Current rubric status:
- Reasoning Under Ambiguity: v1.0.0, calibrated, in production.
- Learning Velocity, Communication Architecture, Creative Problem Decomposition, Judgment Calibration, Stakeholder Navigation: v0.1.0 interim. These rubrics are structurally complete and follow the same template as v1.0.0, but have not yet been calibrated against ≥500 real respondent responses by the I-O psychology partner. Calibration to v1.0.0 is a Phase 3 deliverable; the calibration sample is being collected now.
Every score in your report carries the rubric version that produced it. If a rubric is re-calibrated later, your historical score remains tied to its original version and can be re-evaluated against the new version on request.
Test integrity
SPARK is a developmental feedback instrument. A report is only useful to you if it reflects how you actually reason, which means responses have to be your own. The current assessment surface enforces this with two soft controls:
- Honor-code acknowledgement.
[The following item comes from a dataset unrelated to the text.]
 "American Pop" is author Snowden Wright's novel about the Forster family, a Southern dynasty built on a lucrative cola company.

Before any task is shown, you check a box committing not to use AI tools to draft or substantially edit your responses. The acknowledgement is timestamped and recorded with your session.
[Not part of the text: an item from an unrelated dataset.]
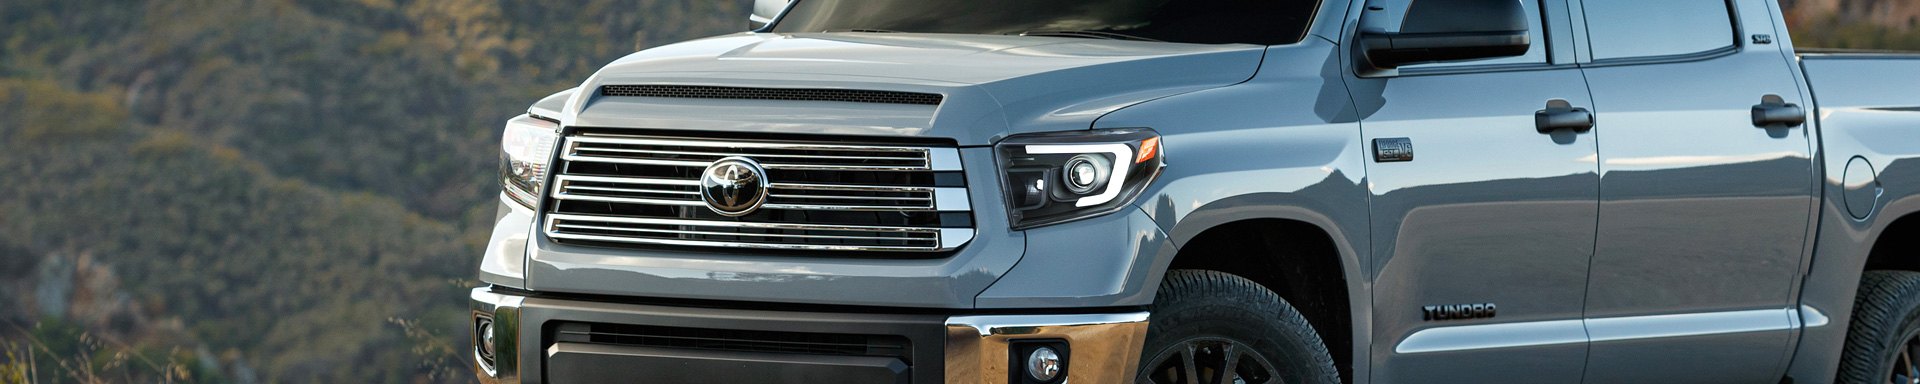 Upgrade Your Tundra with Brilliant LED Projector Headlights by Spyder

- Paste disabled on the response field. You cannot paste into the response textarea. The response has to be typed. This is a friction-based deterrent, not a perfect detector — but it ends low-effort paste-from-AI workflows and makes the social contract explicit.
We do not currently run AI-text classifiers on submitted responses. The construct we score (structured reasoning in prose) is precisely the pattern AI models produce well, which would make classifier-based detection unreliable in both directions and unfair to careful writers. As SPARK moves toward any hiring-credential positioning, real proctoring (live sessions, multi-modal evidence, behavioral telemetry) is documented as a Phase 3 requirement in the open-decisions register (OD-21).
Research foundation
The SPARK methodology is informed by research across seven knowledge domains: psychometric theory and validity frameworks, situational judgment testing and constructed response assessment, AI scoring reliability and LLM evaluation, fairness and adverse impact analysis, the six capacity dimensions (reasoning under ambiguity, learning velocity, communication architecture, creative problem decomposition, judgment calibration, and stakeholder navigation), automated essay scoring methodology, and U.S. employment law. The full research bibliography is available below.
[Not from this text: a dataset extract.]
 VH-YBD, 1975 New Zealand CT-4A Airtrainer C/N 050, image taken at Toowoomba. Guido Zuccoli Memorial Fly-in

Built on 275+ peer-reviewed studies, professional standards, and legal authorities.
Bibliography PDF is being finalized. The link will appear here once the document is published.
Limitations and intended use
Use for development, not employment decisions. SPARK is positioned as developmental feedback for individuals and teams. Scores are not designed for hiring, firing, performance review, promotion, or compensation decisions. Using AI-scored assessments in employment decisions triggers EEOC UGESP, NYC Local Law 144, Illinois HB 3773, and Colorado SB 24-205 compliance obligations that SPARK is not yet built to satisfy. The five interim rubrics specifically have not been validated for employment use and will not be until the Phase 3 calibration study completes.
The construct is reasoning in writing, not real-world performance. A high SPARK score indicates the candidate can demonstrate the cognitive moves in writing under low time pressure. Whether they do so in their actual work is a different question that SPARK does not measure.
Generative AI can produce competent SPARK responses. A candidate who uses an AI tool to write their responses may score well. Test-integrity controls for the commercial version are documented in OD-21 of the repo's open-decisions register. For the current developmental positioning, this is acceptable; for any future hiring-credential positioning it would not be.